# A few questions *searched*



## NYCESER (Dec 10, 2005)

I just recently decided to exit the honda scene.....So i picked up a clean 1991 SER......5 speed......very nice car.......Now I mite go all motor but I have always been a turbo guy....so I have done some research and still am coming up with a few questions.....forgive me if 1 or 2 are all motor related.....ok here we go.......................


1. I was planning on turboing my stock sr20 motor and buying a jdm sr20de and adding je pistons to it.......my goal is like 350-375whp.....should I just go ahead and get the rods or are the stock rods with arp rod bolts fine for that???

2. I was planning on using a greddy e manage pro.....whats your feelings on this???

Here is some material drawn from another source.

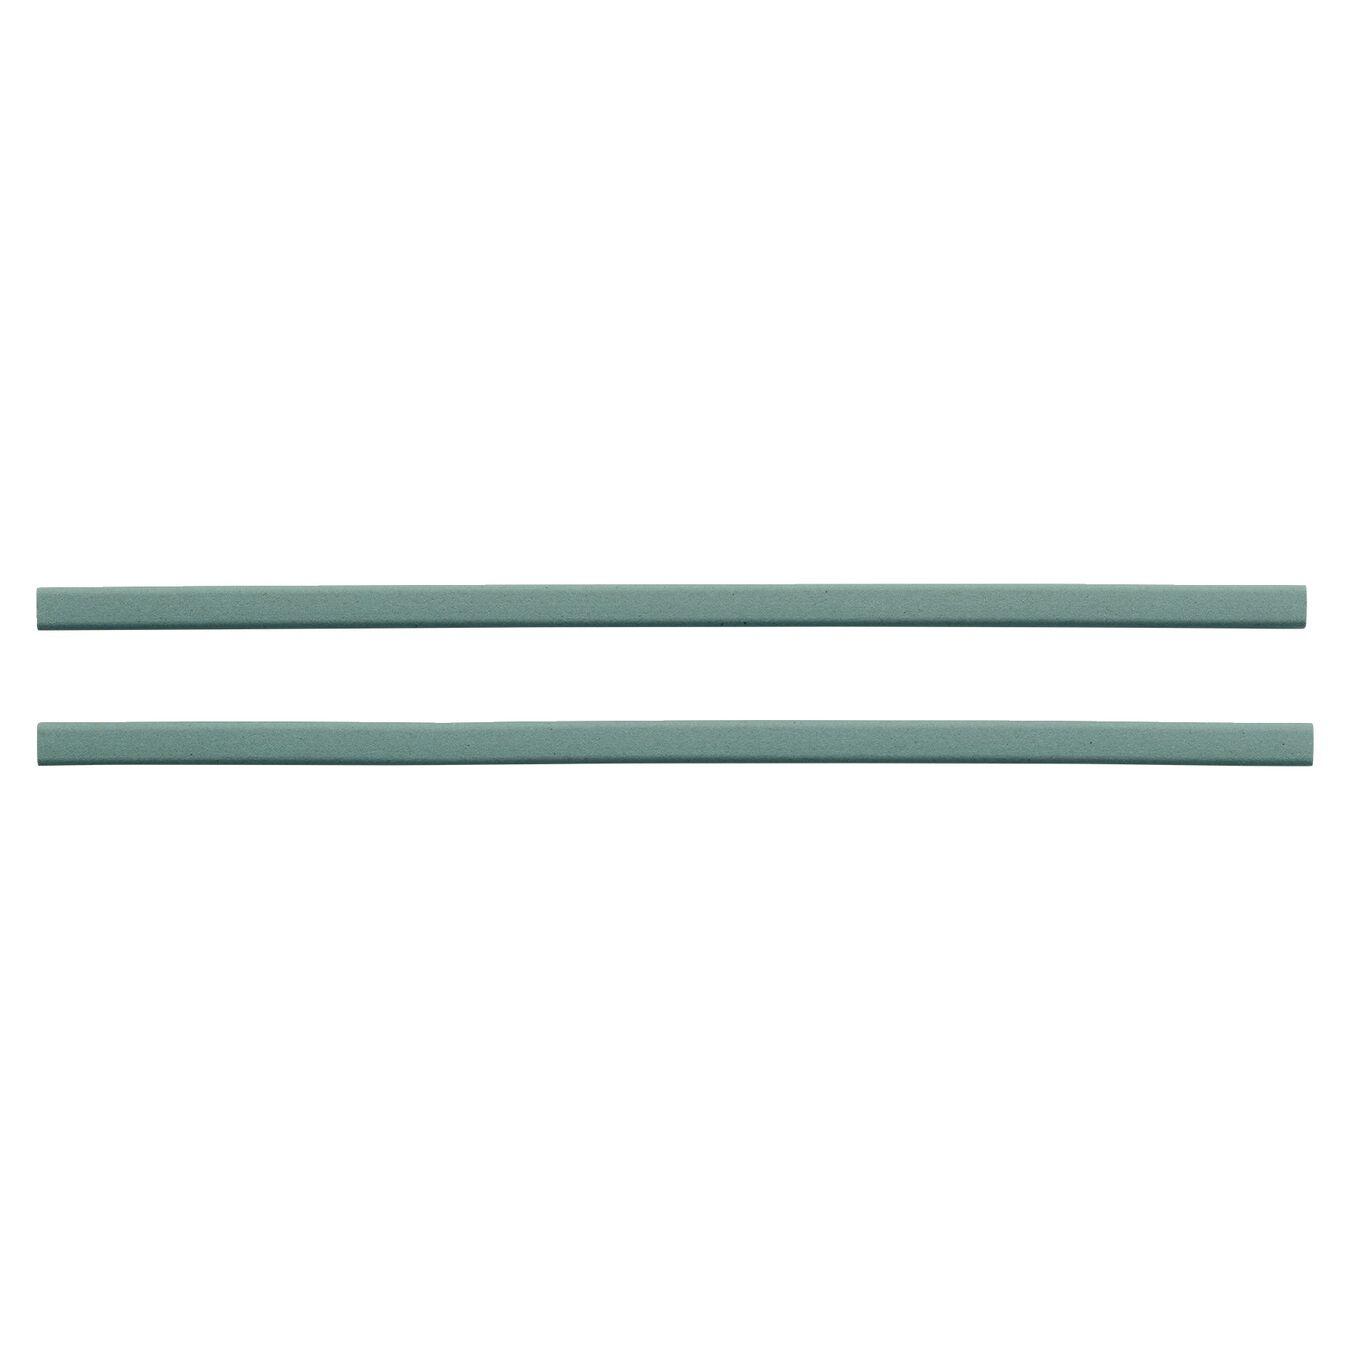 Sharpening rod, 2 cm | green | Ceramic,,large 1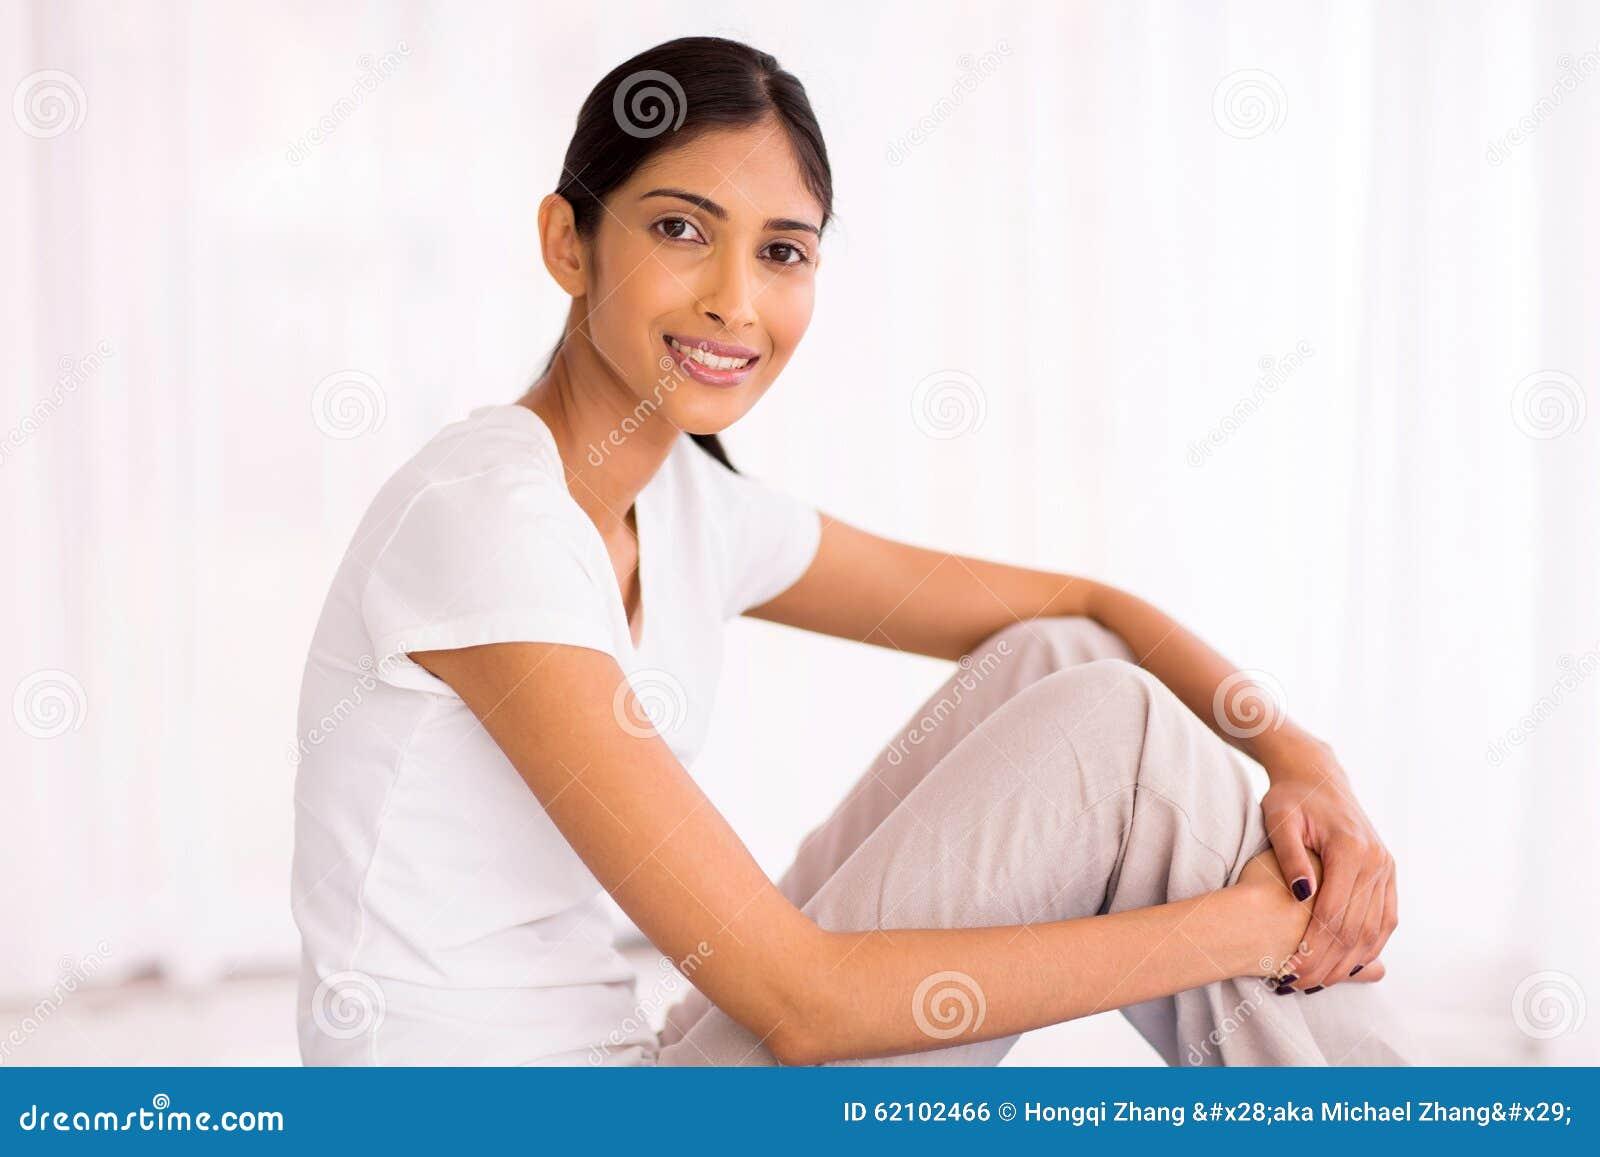 Indian Woman Sitting Stock Photo - Image: 62102466

3. Do i need the maf unit if i have the emanage??? and do i need a larger map sensor also??

4. And my 1 all motor question....If i dont go turbo i am gonna pick up a sr16ve.....if i use the emanage will that actavate the vvl????


thanks


----------



## NotAnotherHonda (Aug 7, 2003)

1) stock jdm sr20 blocks can hold over 500whp, so, yes, stock is fine

2) emanage is highly recommended for turbo sr20's if you dont wanna go with aem or jwt ecu

3) emanage can use gm map sensors, but you dont have to (i think)...not too sure

4) emanage cannot activate vvl from what i know. you have to buy an msd 2-step rpm activator


----------



## psuLemon (Apr 23, 2003)

check out www.sr20forum for some good info too. Especailly on the VVL motor.


----------